Closed shuoyinn closed 1 year ago

shuoyinn commented 1 year ago

Hello, your work is very good and I appreciate it that I learned a lot from your paper and your code.

But when I reproduce your experiment using python main.py --cfg configs/GPS/ogbg-ppa-GPS.yaml wandb.use False as you instructed, the training statistics are very very strange, or rather, very low for many many epochs.

I checked some closed issues in this repository and found one was similar to mine (this one), where the data set related was code2, and here the issue is about ppa.

As for me, dependencies are as follows: 1 2

Here is part of my training process: 3

It kept very low for very long time (about 160 epochs), less than 0.1117, but abruptly went to 0.78 at epoch 165 (which is not abnormal any more)

I don't think package versions should matter. I'm sorry for bothering but could you just tell me why or reproduce the issue and figure out why?

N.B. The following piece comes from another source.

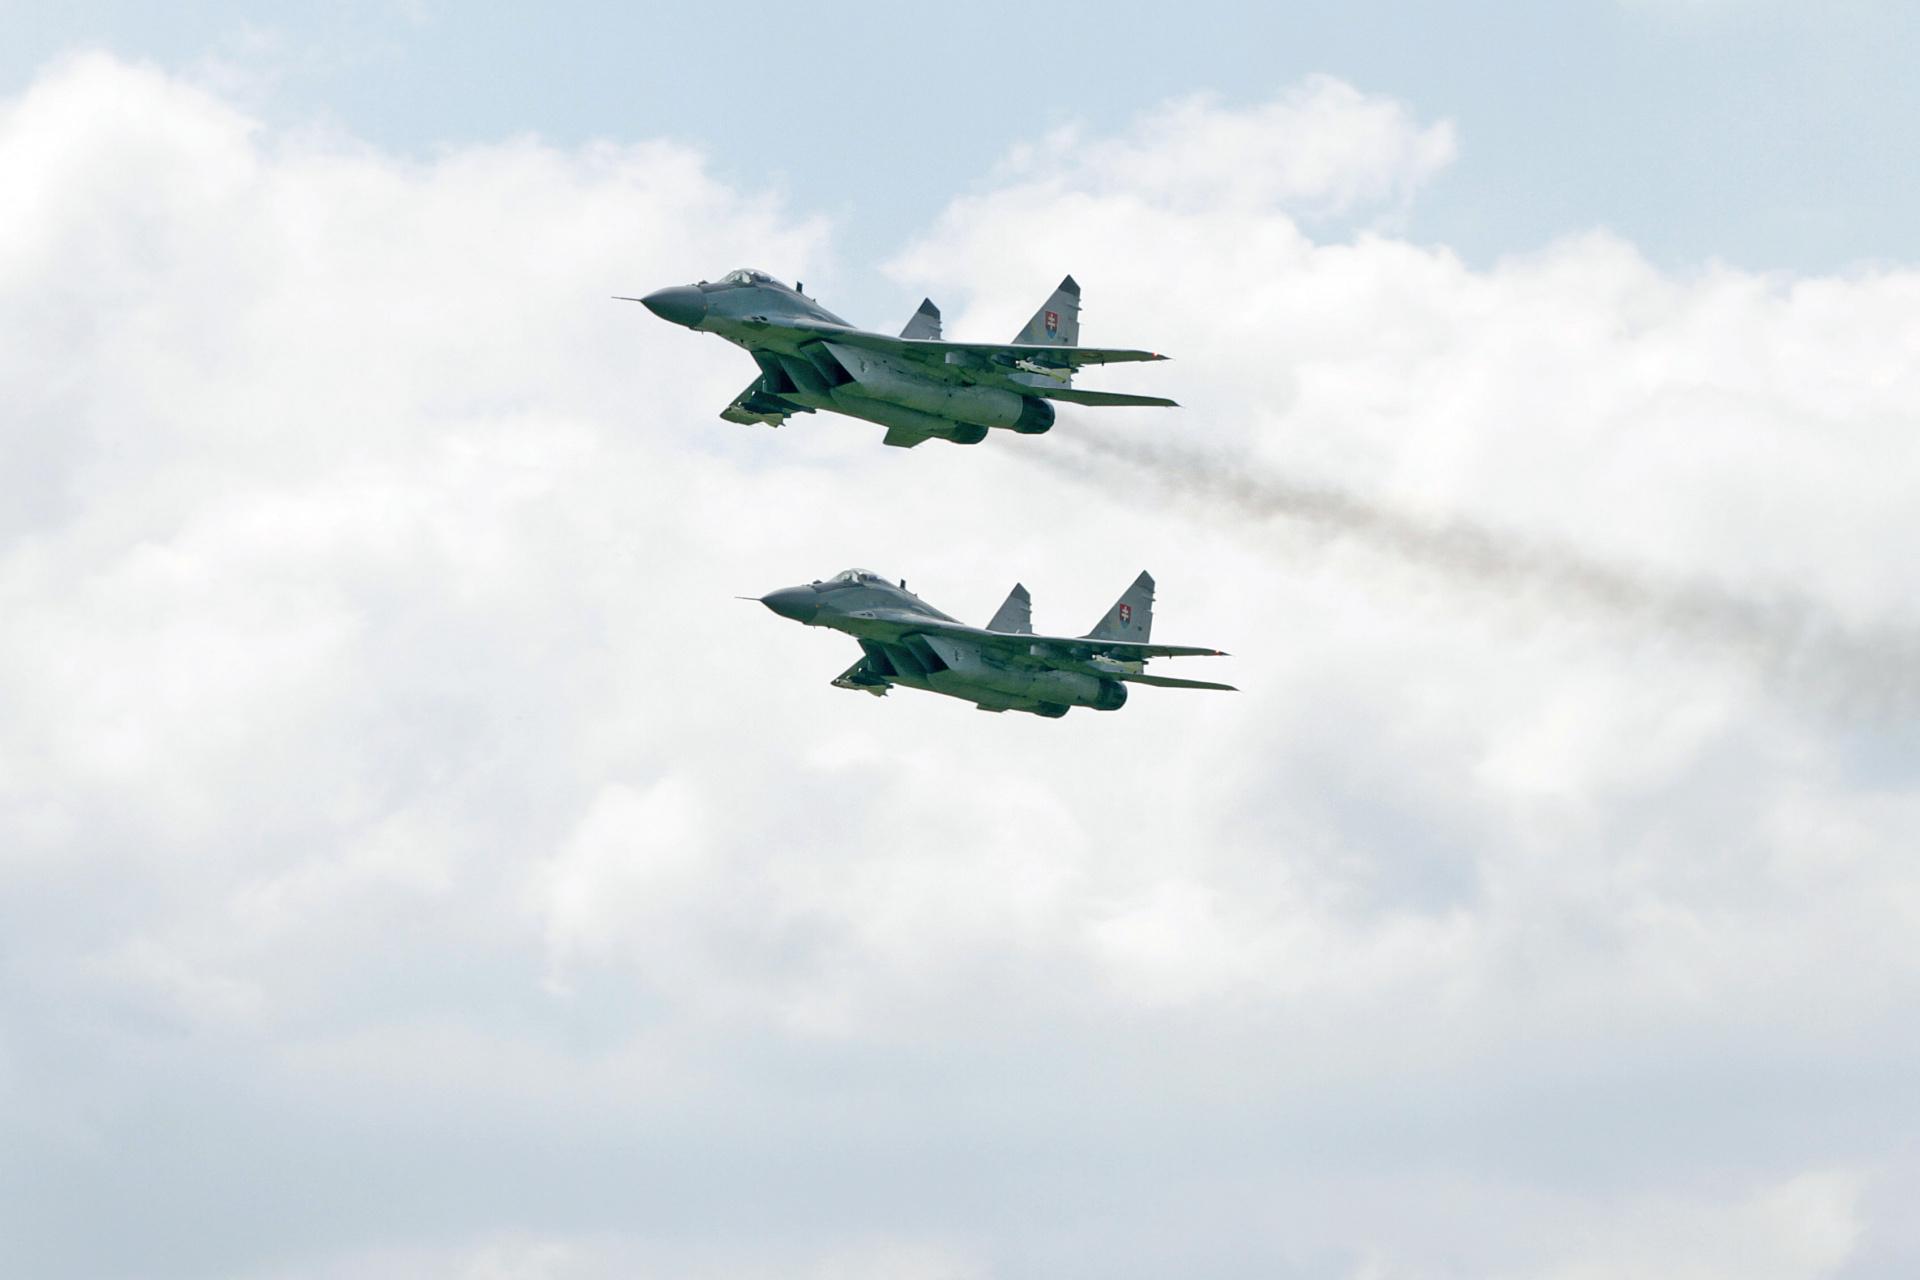 Slovakia completed the transfer of 13 MiG-29 fighters to Ukraine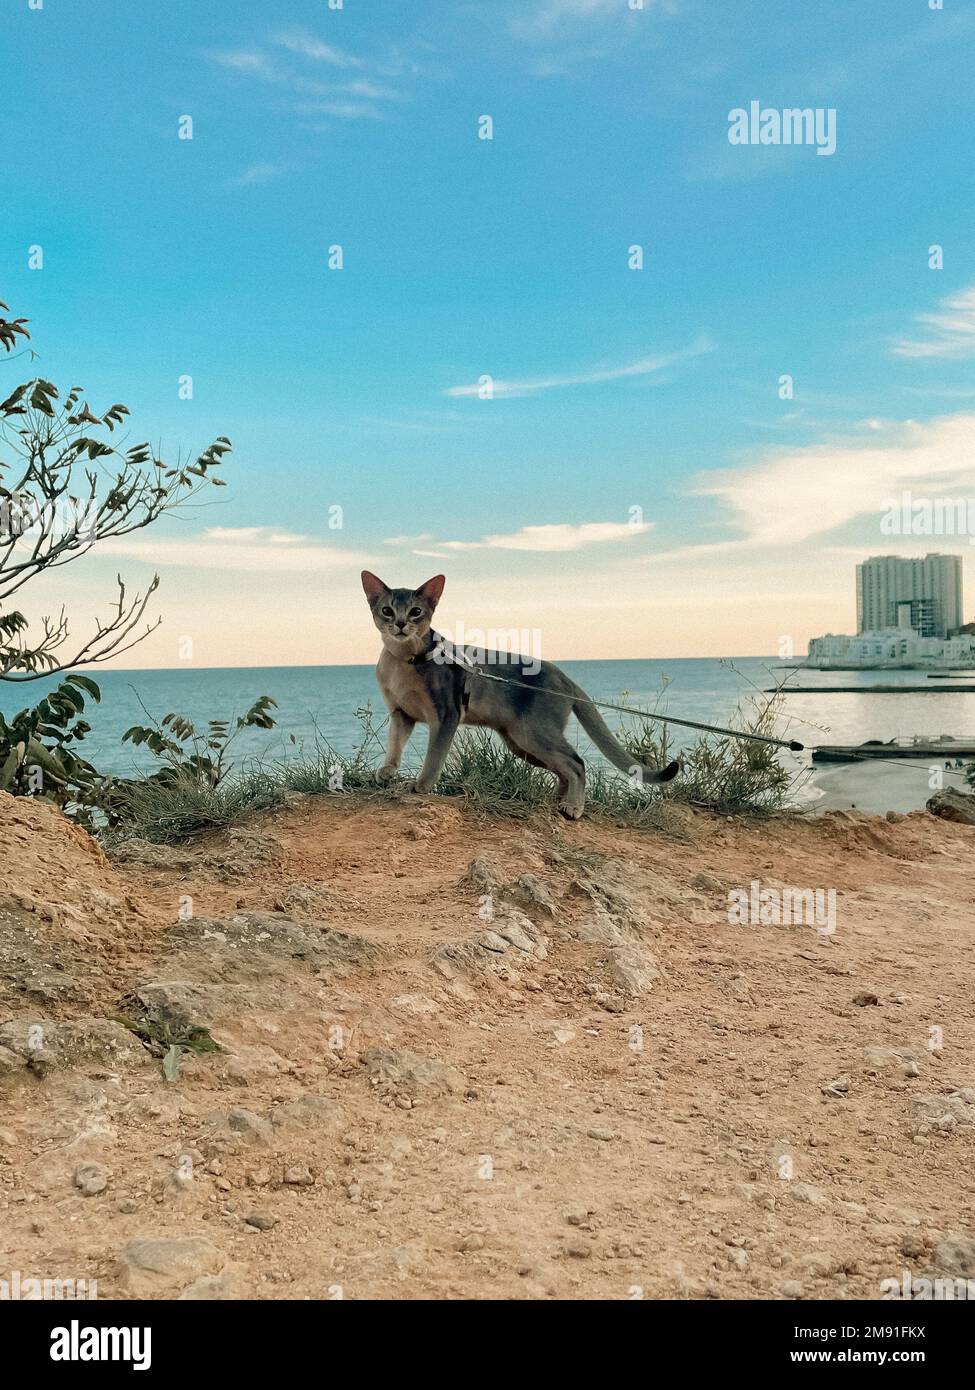 A vertical shot of a cat on a leash with a seascape in the background Stock Photo

I've tried but still cannot find where is wrong.

rampasek commented 1 year ago

Hi, I had a look at the logs (you can find them here: https://github.com/rampasek/GraphGPS/blob/main/final-results.zip), and seems that it is the same behaviour as in my results. Possibly a better learning rate schedule could get rid of this "grokking" behaviour that is happening here consistently over 10 random seeds.